Hidden agendas

John Pilger released his new book in 2004, Tell Me No Lies: Investigative Journalism and its Triumphs. The collection contained numerous examples of exemplary reporting from the likes of Seymour Hersh, Robert Fisk, Greg Palast, Edward Said, Anna Politkovskaya, Martha Gellhorn and Pilger himself. Pilger wrote in the introduction of an age when questioning authority was never more essential. “Secretive power loathes journalists who do their job: who push back screens, peer behind facades, lift rocks”, he wrote.

Then this gem:

“[A] favourite quotation belongs to the great Irish muckraker Claud Cockburn. “Never believe anything”, he wrote, “until it is officially denied.” That the state lies routinely is not what the media courses teach. If they did – and the evidence has never been in greater abundance – the cynicism that many young journalists believe ordains them as journalists would not be directed at their readers, viewers or listeners, but at those in false authority.”

The Sydney Morning Herald published a positive review of the book on January 1, 2005. Written by Wendy Bacon, associate professor in journalism at the University of Technology, Sydney, it concluded that questioning the established orthodoxy was often what distinguished truly great journalism.

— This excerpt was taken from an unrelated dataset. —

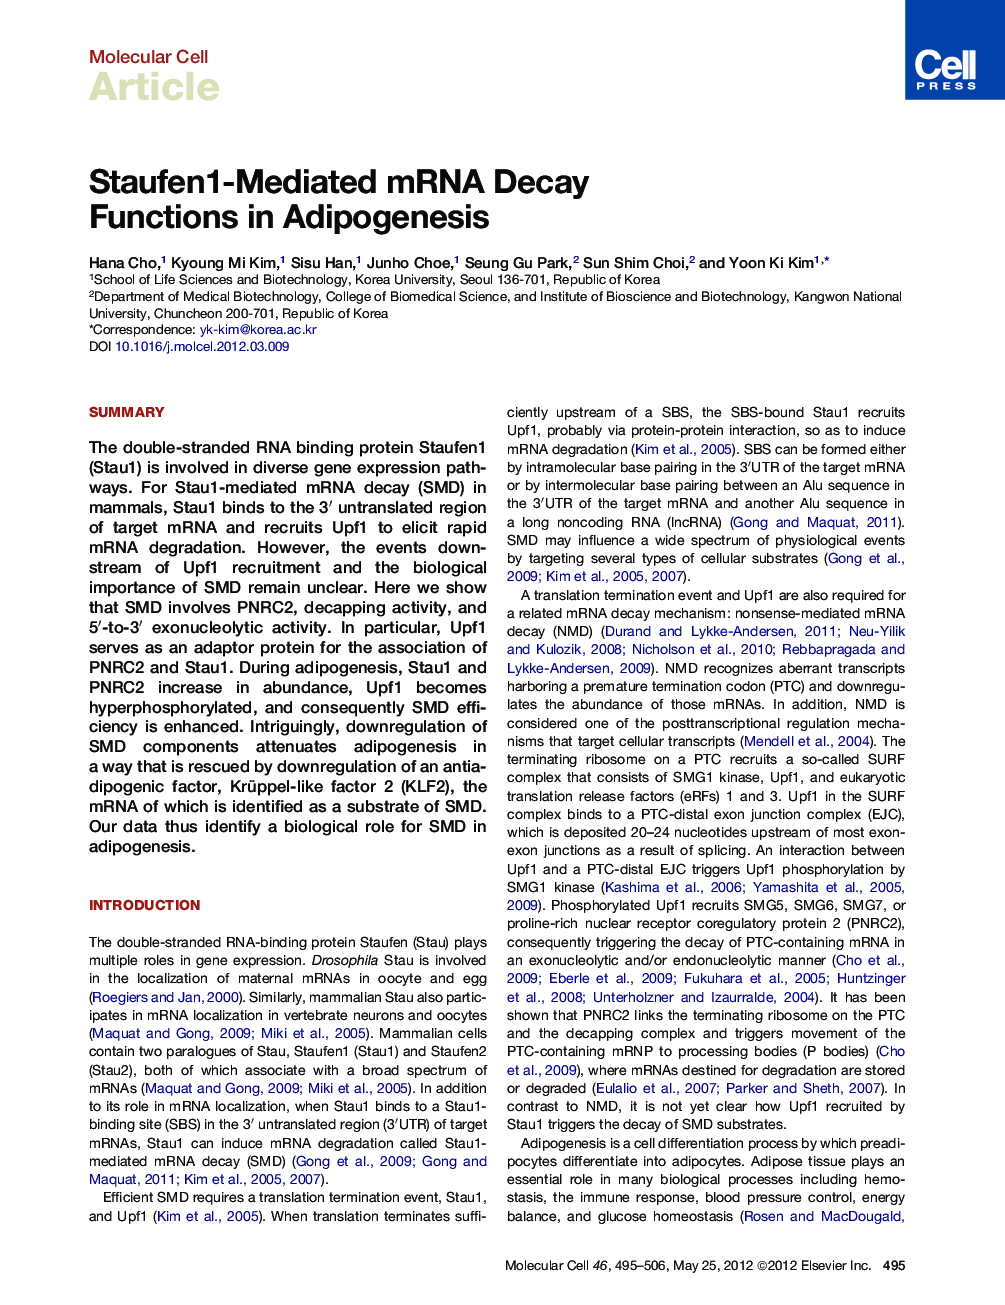 Staufen1-Mediated mRNA Decay Functions in Adipogenesis

The following story reveals the duplicity of Australia’s mainstream media, in this case the Melbourne Age, and the hidden agendas that frequently operate. It has not been published before.

*

The Age printed a review of the book on November 27, 2004 (no link available). It was written by Michael Gawenda, former editor-in-chief of The Age and current Washington correspondent for The Age and The Sydney Morning Herald. Here’s his review:

The rants of a conspiracy theorist

John Pilger is a visiting professor at Cornell University in New York. His journalism is widely published in Britain, in the US and occasionally in Australia. His books sell in their thousands. His documentaries are shown on television all over the world. He is a success. Yet he writes as if he is the quintessential outsider who has suffered terribly for his craft, for his integrity, for being the voice of the down-trodden and the powerless.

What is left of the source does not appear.